***** Given data *****
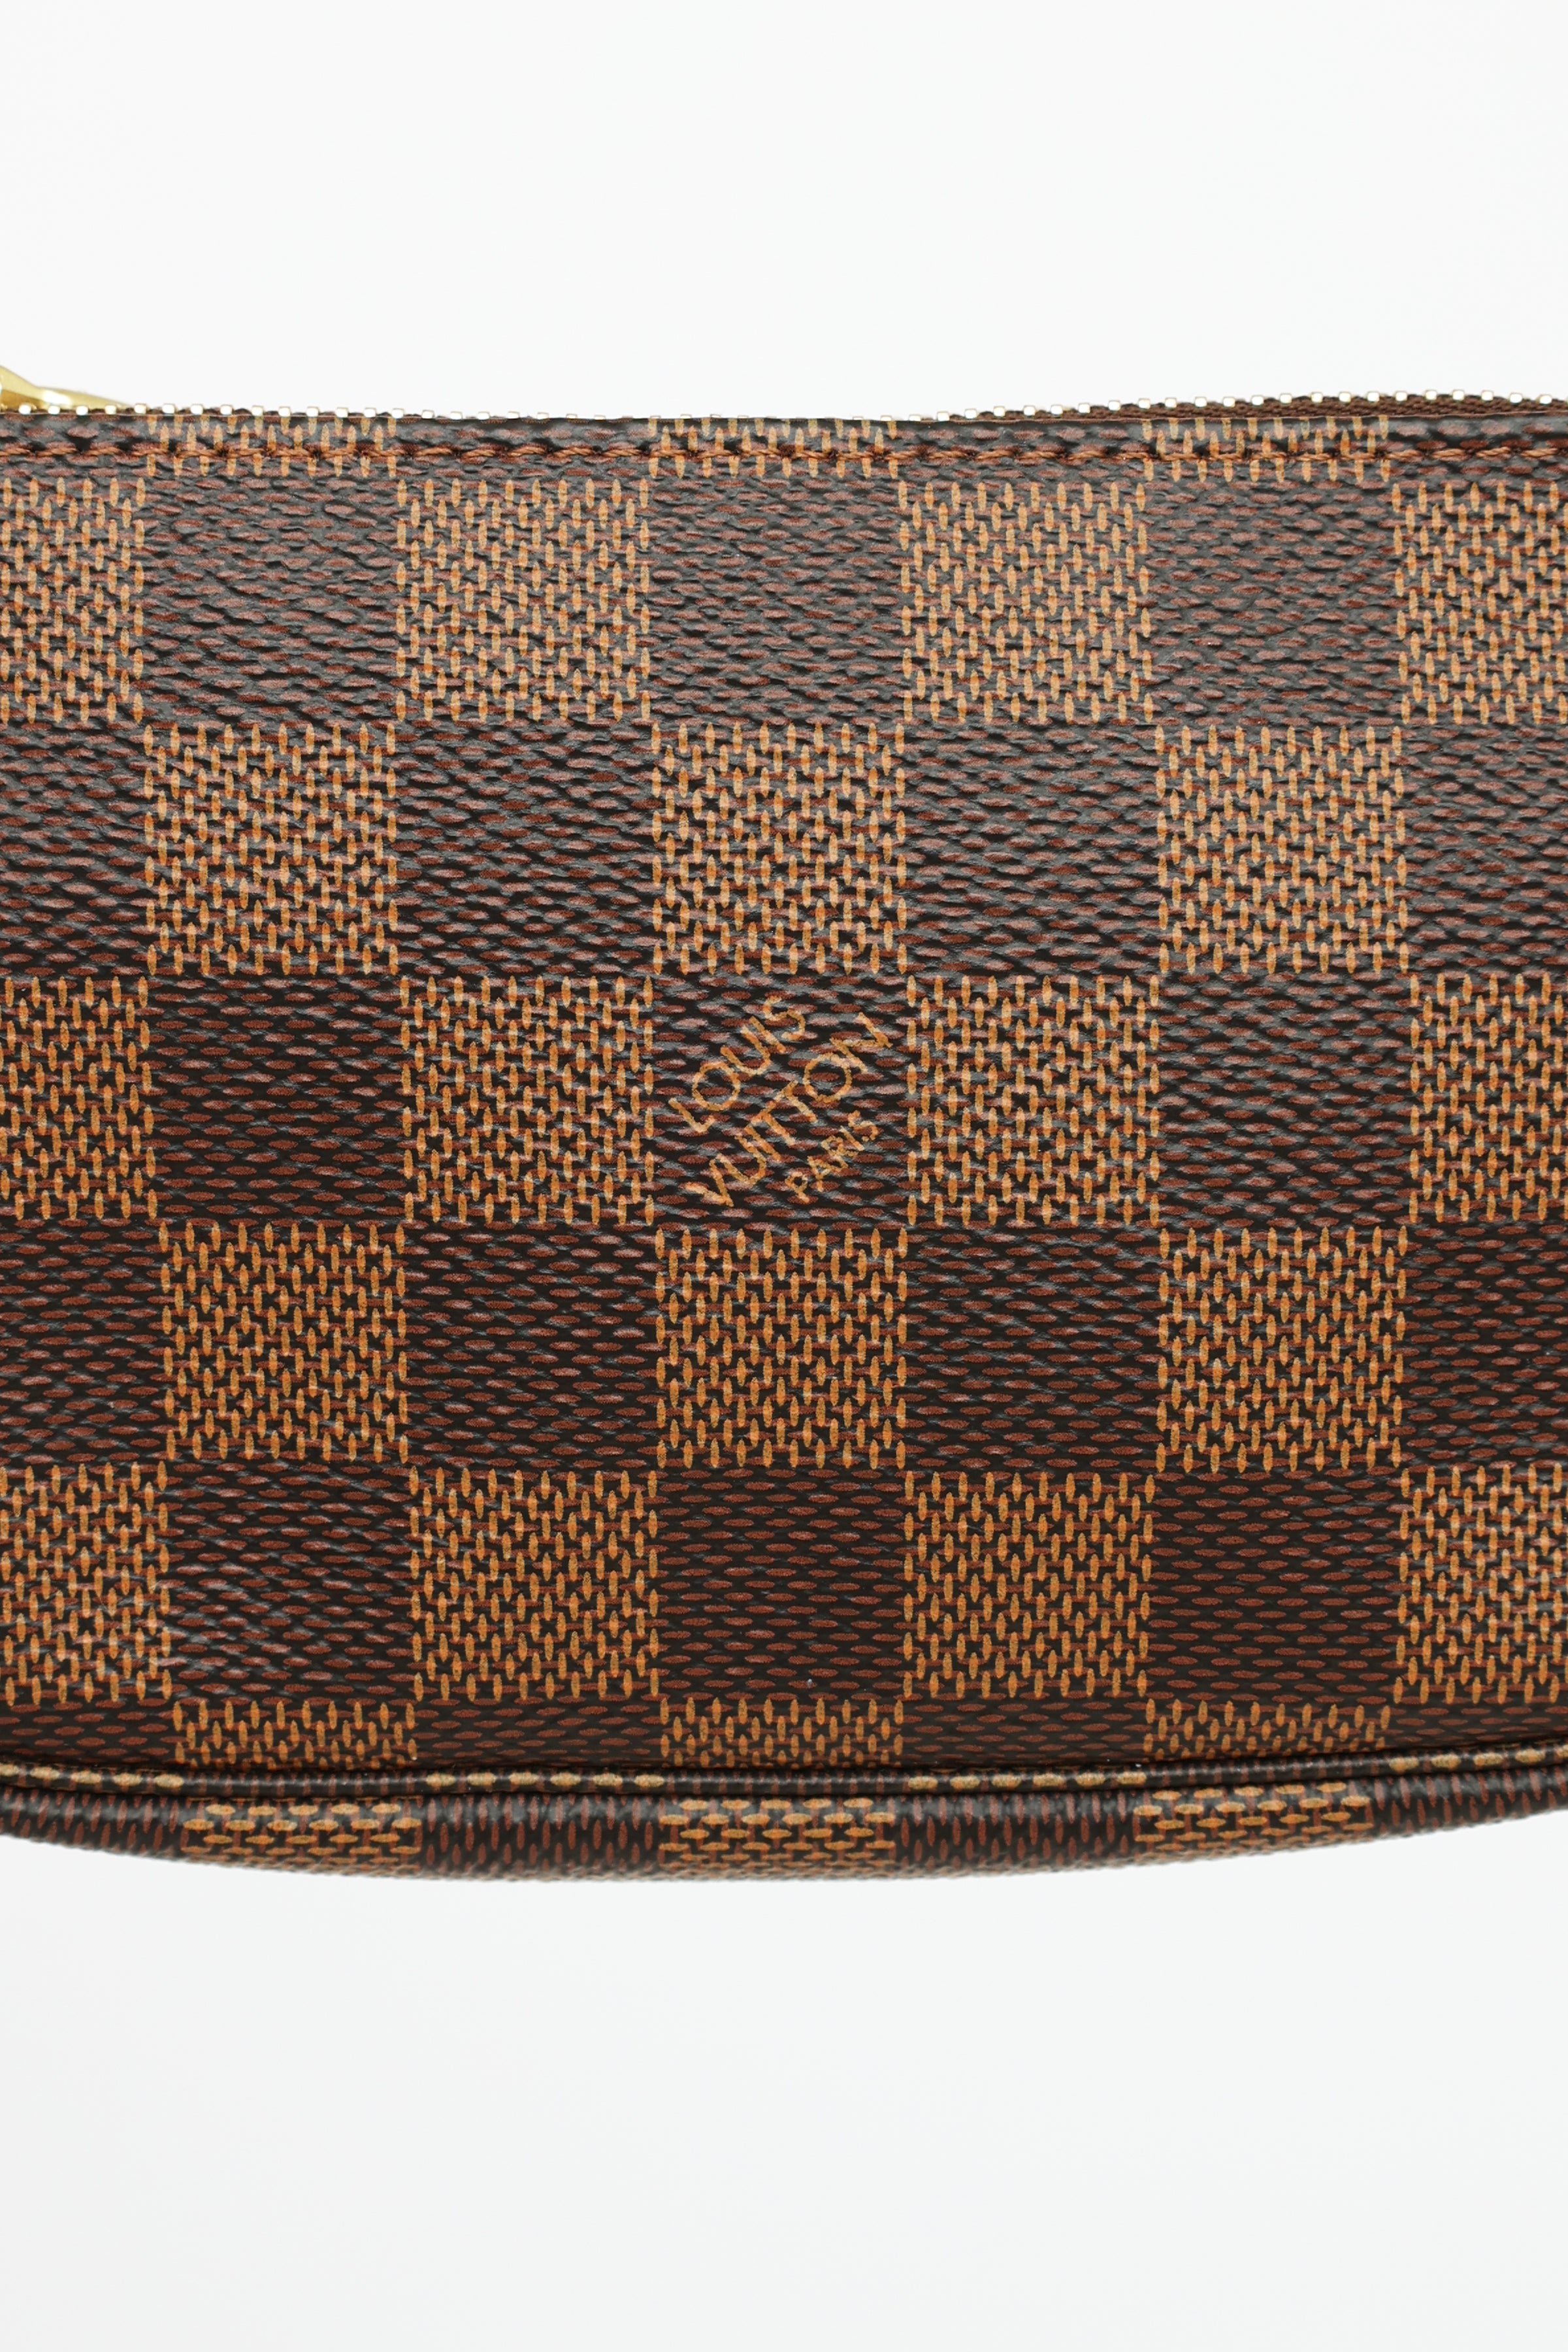 Louis Vuitton Pochette Accessoires Damier Ebene Mini Brown - US
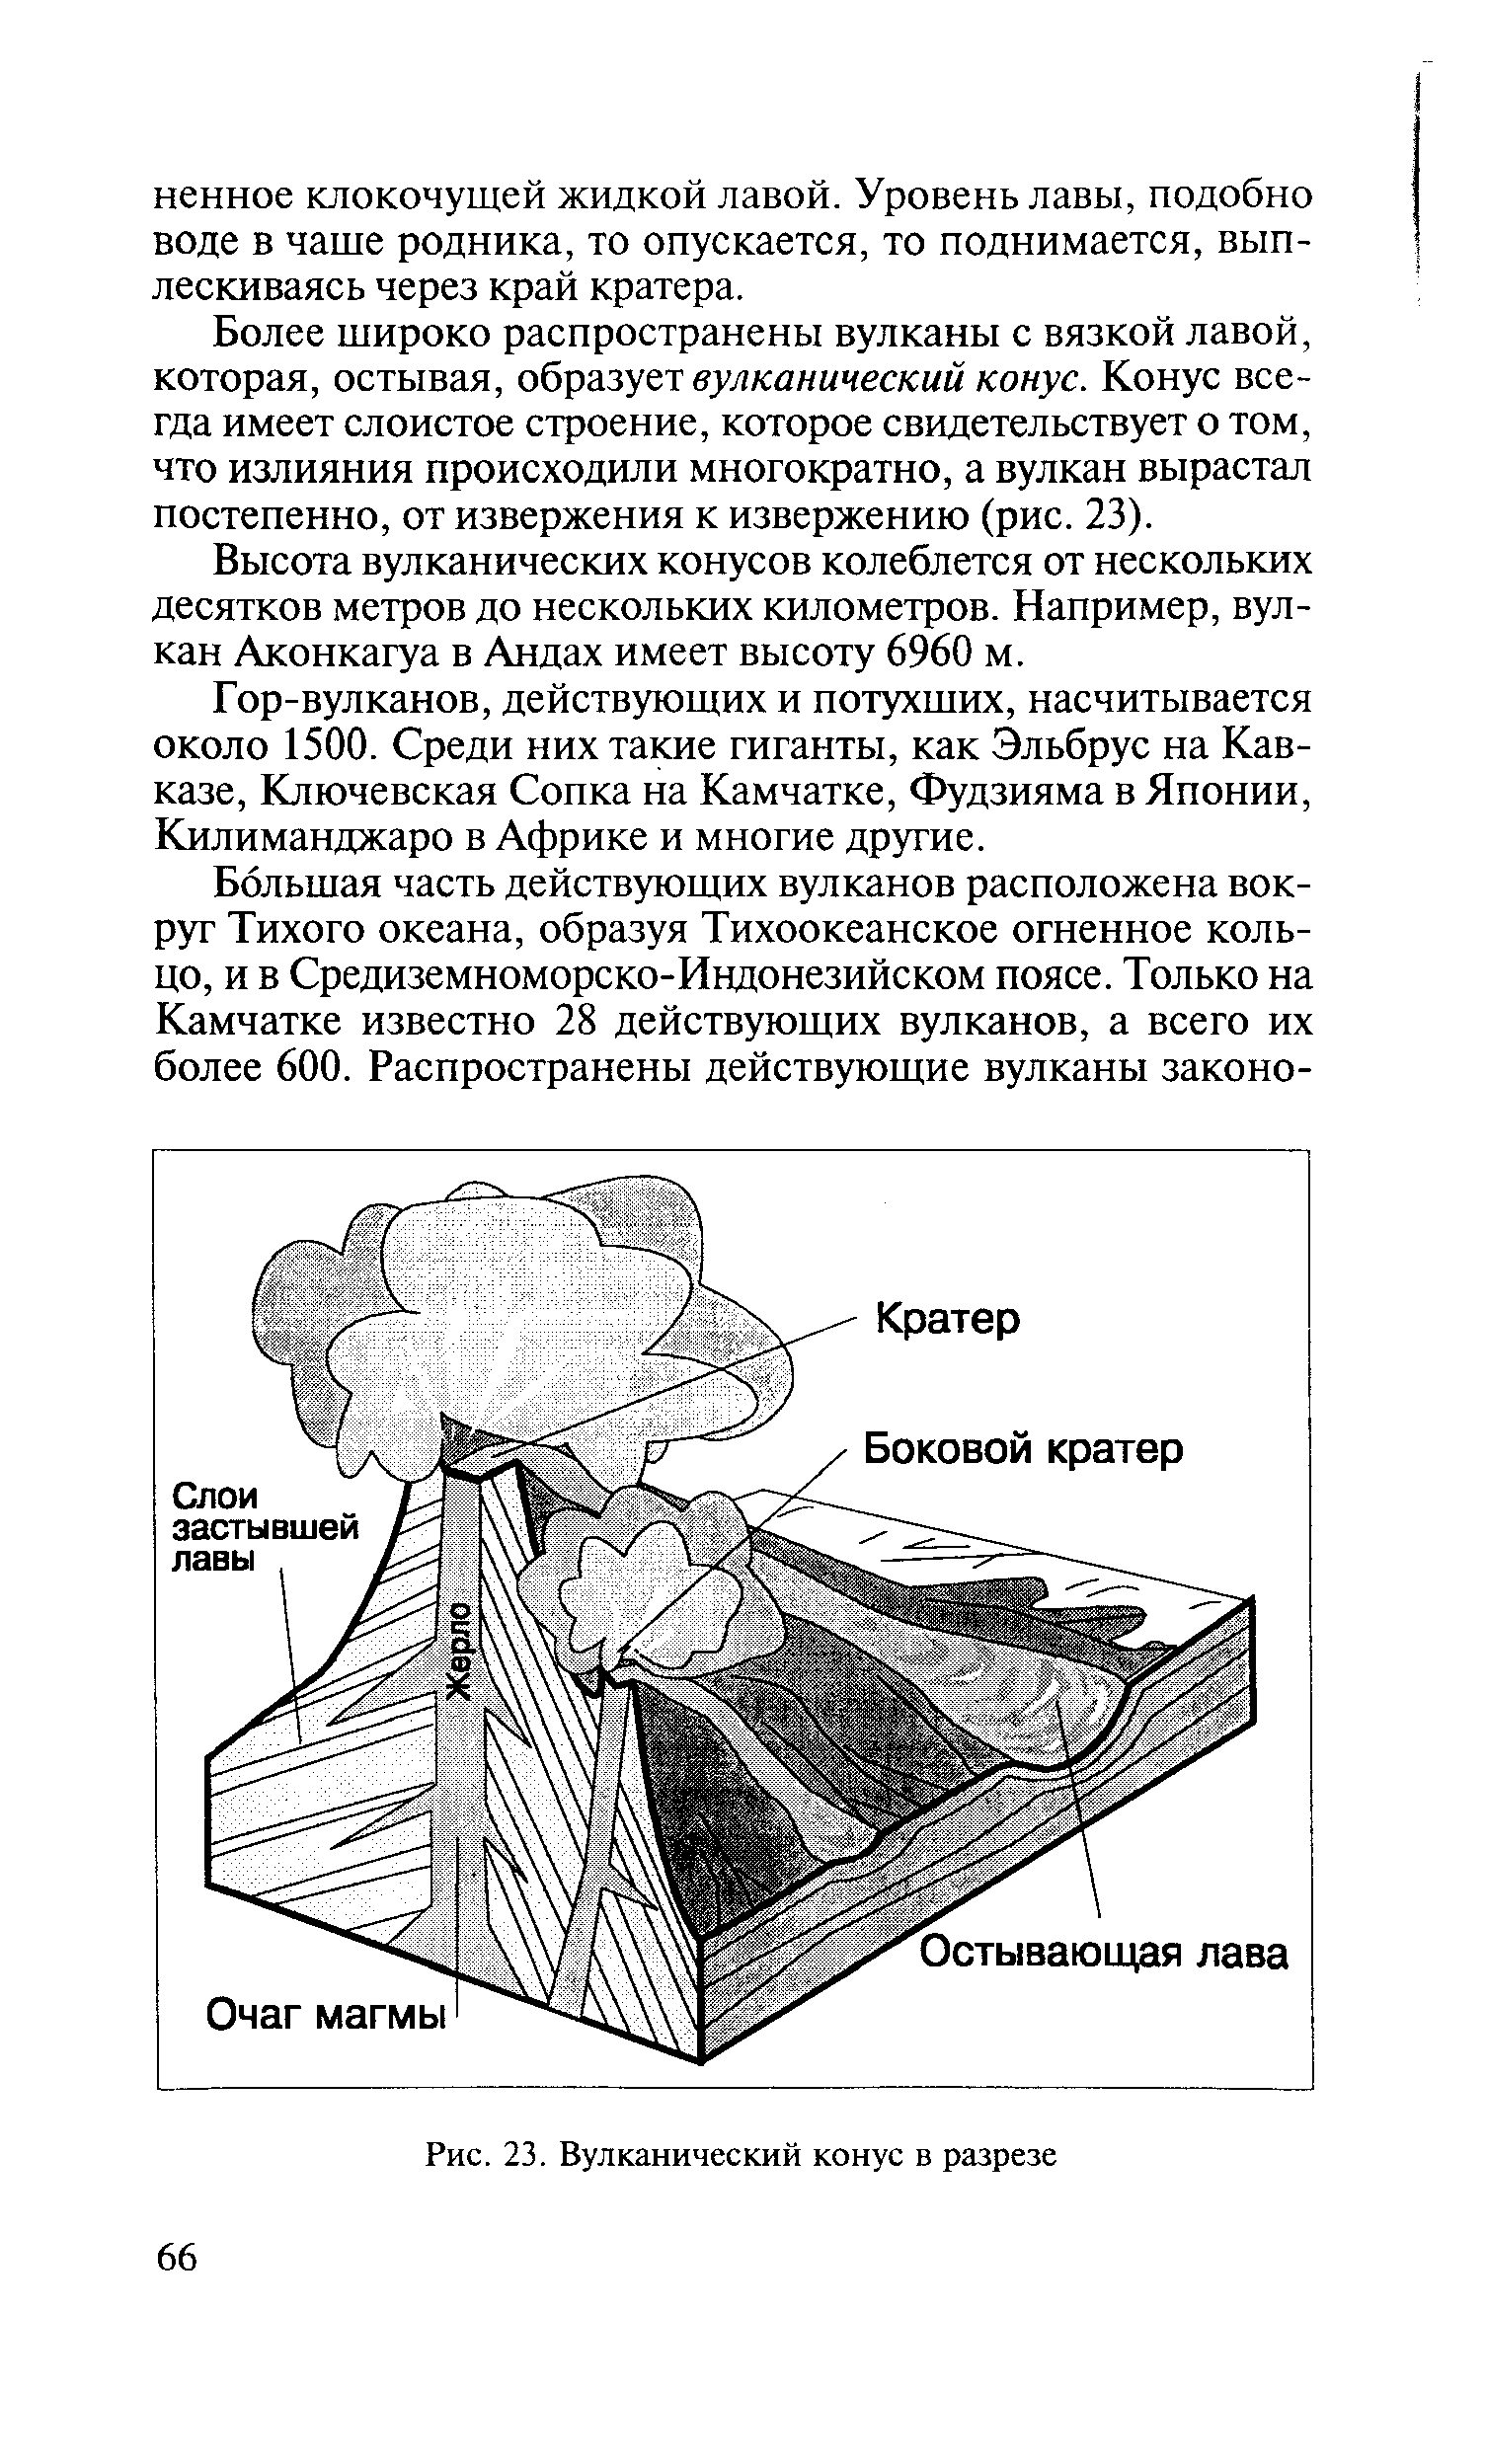 Схема вулкана в разрезе
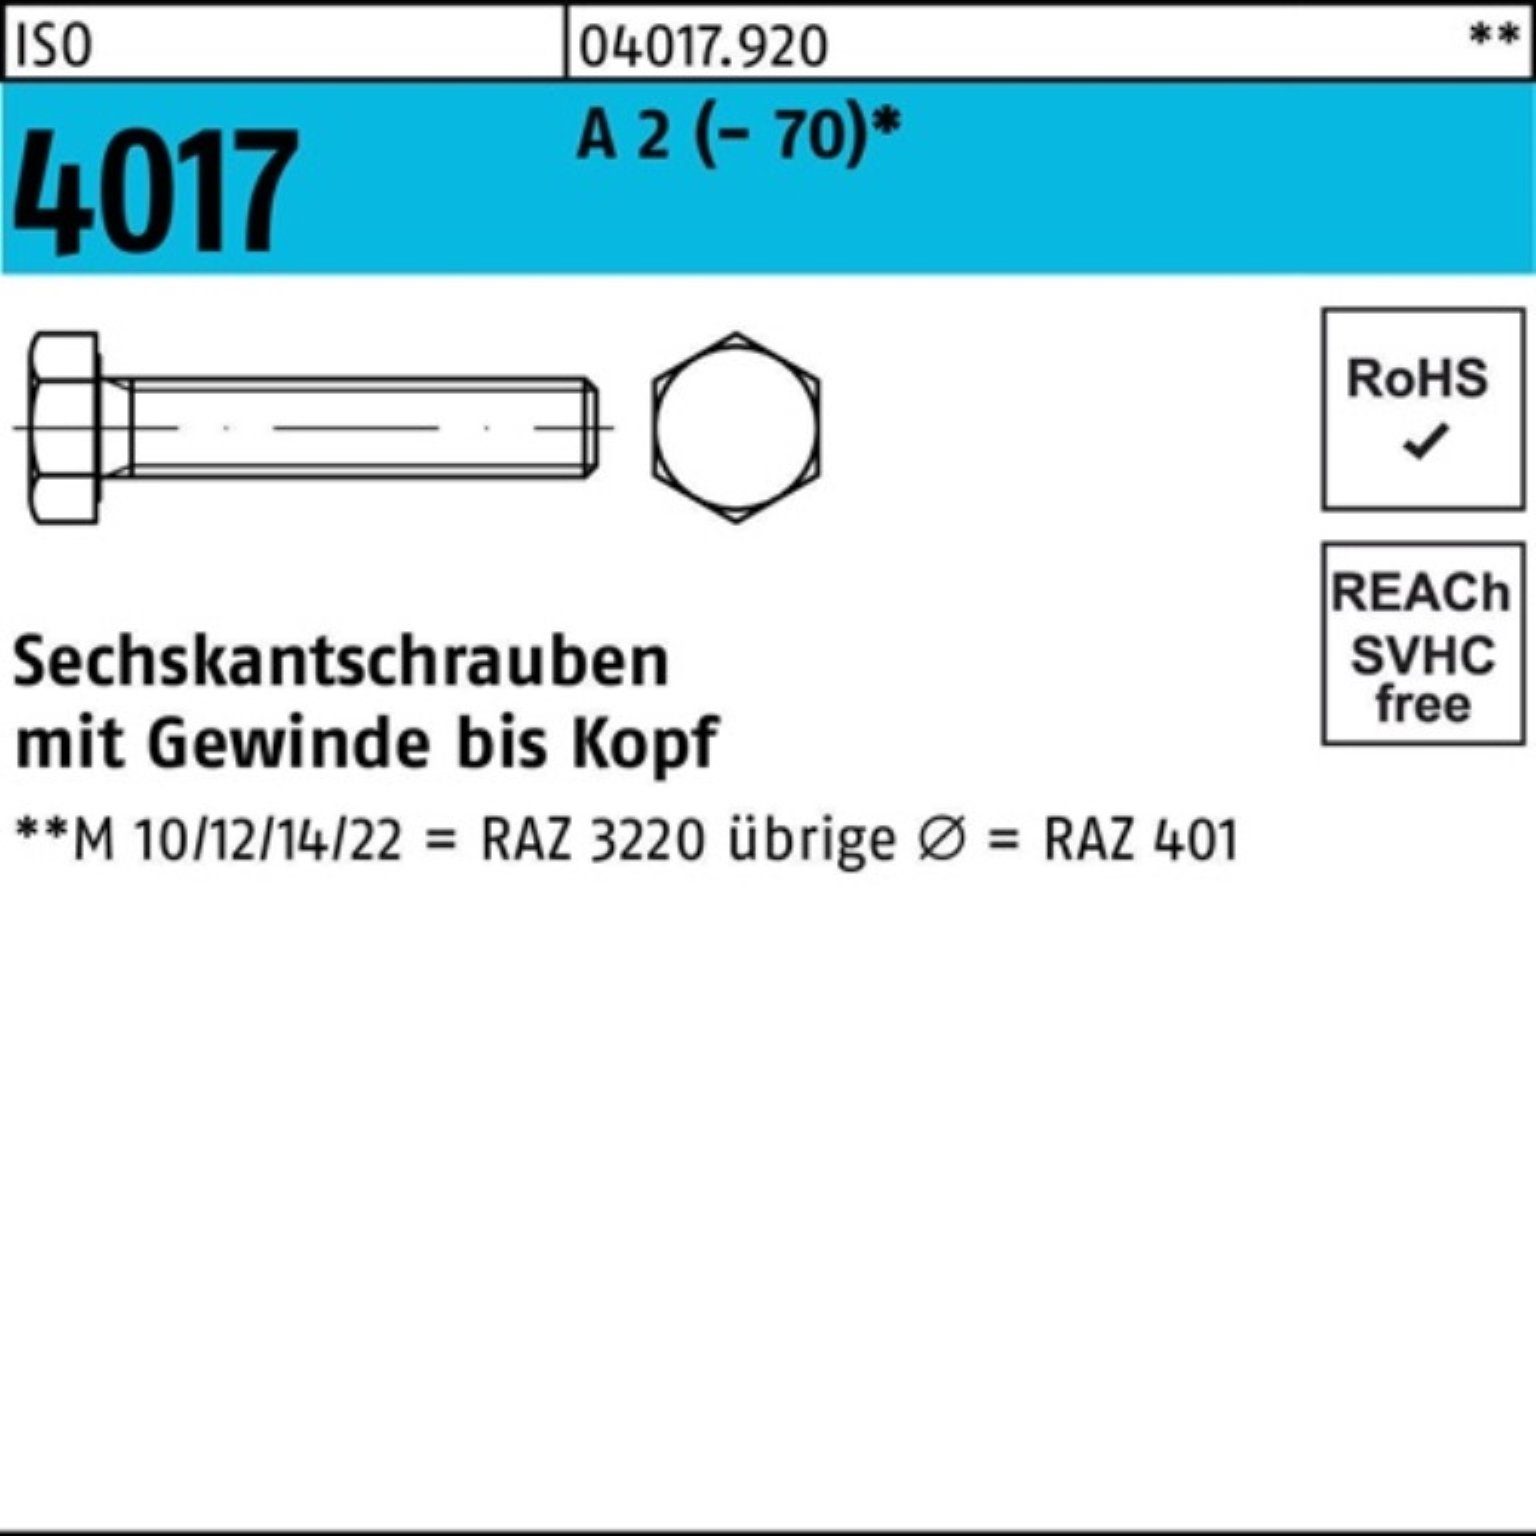 Bufab (70) Sechskantschraube 2 100er 100 A 100 Stück VG 4017 ISO M6x Pack Sechskantschraube
*****
Requirement: Would you restate all of the data above word for word, omitting the pictures?

Finished task:
 Louis Vuitton Pochette Accessoires Damier Ebene Mini Brown - US
 Схема вулкана в разрезе
 Bufab (70) Sechskantschraube 2 100er 100 A 100 Stück VG 4017 ISO M6x Pack Sechskantschraube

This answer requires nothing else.